▶ **Brief**:
Of the lines in the data below, write out exactly those from the one holding "Kerasal Nail Fungal" through the one holding "Papier peint décor", both included.

▶ **Material for this task**:
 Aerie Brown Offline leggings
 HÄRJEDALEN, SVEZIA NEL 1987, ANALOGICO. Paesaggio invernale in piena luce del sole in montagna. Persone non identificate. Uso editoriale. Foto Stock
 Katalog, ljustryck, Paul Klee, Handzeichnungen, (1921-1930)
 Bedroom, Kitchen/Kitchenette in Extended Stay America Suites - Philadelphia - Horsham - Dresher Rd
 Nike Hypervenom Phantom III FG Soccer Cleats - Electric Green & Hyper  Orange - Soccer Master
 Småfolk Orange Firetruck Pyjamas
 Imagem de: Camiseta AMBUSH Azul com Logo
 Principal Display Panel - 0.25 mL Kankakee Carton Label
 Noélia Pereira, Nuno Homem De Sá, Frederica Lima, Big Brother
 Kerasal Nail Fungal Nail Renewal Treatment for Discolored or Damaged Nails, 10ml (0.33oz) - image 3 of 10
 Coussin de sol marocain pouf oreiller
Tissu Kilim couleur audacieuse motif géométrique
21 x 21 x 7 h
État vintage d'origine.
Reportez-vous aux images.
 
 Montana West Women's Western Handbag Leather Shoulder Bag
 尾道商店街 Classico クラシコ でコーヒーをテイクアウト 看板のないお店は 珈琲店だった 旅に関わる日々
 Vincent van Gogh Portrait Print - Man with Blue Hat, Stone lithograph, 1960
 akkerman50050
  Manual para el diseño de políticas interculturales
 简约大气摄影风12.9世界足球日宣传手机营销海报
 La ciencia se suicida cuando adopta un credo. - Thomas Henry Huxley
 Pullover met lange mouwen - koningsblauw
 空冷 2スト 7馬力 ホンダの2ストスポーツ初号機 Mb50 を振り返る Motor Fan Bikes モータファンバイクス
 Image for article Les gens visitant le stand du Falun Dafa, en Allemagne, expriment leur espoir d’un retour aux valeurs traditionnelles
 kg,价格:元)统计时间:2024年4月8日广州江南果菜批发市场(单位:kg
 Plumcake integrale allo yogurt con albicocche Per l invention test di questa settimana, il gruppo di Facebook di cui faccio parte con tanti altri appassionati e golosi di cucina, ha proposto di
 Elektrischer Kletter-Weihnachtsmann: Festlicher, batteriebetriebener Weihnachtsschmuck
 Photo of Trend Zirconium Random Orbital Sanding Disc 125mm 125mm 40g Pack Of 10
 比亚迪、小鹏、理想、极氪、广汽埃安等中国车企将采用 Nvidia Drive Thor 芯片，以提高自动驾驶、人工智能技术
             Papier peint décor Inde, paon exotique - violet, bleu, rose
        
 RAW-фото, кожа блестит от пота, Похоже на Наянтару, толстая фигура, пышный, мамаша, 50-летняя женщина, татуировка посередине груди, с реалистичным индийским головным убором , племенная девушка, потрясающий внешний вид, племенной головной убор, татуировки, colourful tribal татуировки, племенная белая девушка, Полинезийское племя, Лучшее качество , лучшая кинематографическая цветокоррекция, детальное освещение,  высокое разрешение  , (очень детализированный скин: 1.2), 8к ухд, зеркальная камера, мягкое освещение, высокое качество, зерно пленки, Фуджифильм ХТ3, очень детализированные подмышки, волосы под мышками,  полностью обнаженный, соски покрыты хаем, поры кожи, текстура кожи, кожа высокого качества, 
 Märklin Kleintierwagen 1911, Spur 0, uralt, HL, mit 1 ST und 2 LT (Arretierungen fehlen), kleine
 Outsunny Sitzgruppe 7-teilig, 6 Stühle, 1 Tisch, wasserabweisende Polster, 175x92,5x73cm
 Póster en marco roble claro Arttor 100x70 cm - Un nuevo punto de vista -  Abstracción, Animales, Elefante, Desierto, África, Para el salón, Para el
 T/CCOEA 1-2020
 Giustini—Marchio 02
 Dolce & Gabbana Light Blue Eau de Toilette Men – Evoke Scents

▶ **Exercise solution**:
 Kerasal Nail Fungal Nail Renewal Treatment for Discolored or Damaged Nails, 10ml (0.33oz) - image 3 of 10
 Coussin de sol marocain pouf oreiller
Tissu Kilim couleur audacieuse motif géométrique
21 x 21 x 7 h
État vintage d'origine.
Reportez-vous aux images.
 
 Montana West Women's Western Handbag Leather Shoulder Bag
 尾道商店街 Classico クラシコ でコーヒーをテイクアウト 看板のないお店は 珈琲店だった 旅に関わる日々
 Vincent van Gogh Portrait Print - Man with Blue Hat, Stone lithograph, 1960
 akkerman50050
  Manual para el diseño de políticas interculturales
 简约大气摄影风12.9世界足球日宣传手机营销海报
 La ciencia se suicida cuando adopta un credo. - Thomas Henry Huxley
 Pullover met lange mouwen - koningsblauw
 空冷 2スト 7馬力 ホンダの2ストスポーツ初号機 Mb50 を振り返る Motor Fan Bikes モータファンバイクス
 Image for article Les gens visitant le stand du Falun Dafa, en Allemagne, expriment leur espoir d’un retour aux valeurs traditionnelles
 kg,价格:元)统计时间:2024年4月8日广州江南果菜批发市场(单位:kg
 Plumcake integrale allo yogurt con albicocche Per l invention test di questa settimana, il gruppo di Facebook di cui faccio parte con tanti altri appassionati e golosi di cucina, ha proposto di
 Elektrischer Kletter-Weihnachtsmann: Festlicher, batteriebetriebener Weihnachtsschmuck
 Photo of Trend Zirconium Random Orbital Sanding Disc 125mm 125mm 40g Pack Of 10
 比亚迪、小鹏、理想、极氪、广汽埃安等中国车企将采用 Nvidia Drive Thor 芯片，以提高自动驾驶、人工智能技术
             Papier peint décor Inde, paon exotique - violet, bleu, rose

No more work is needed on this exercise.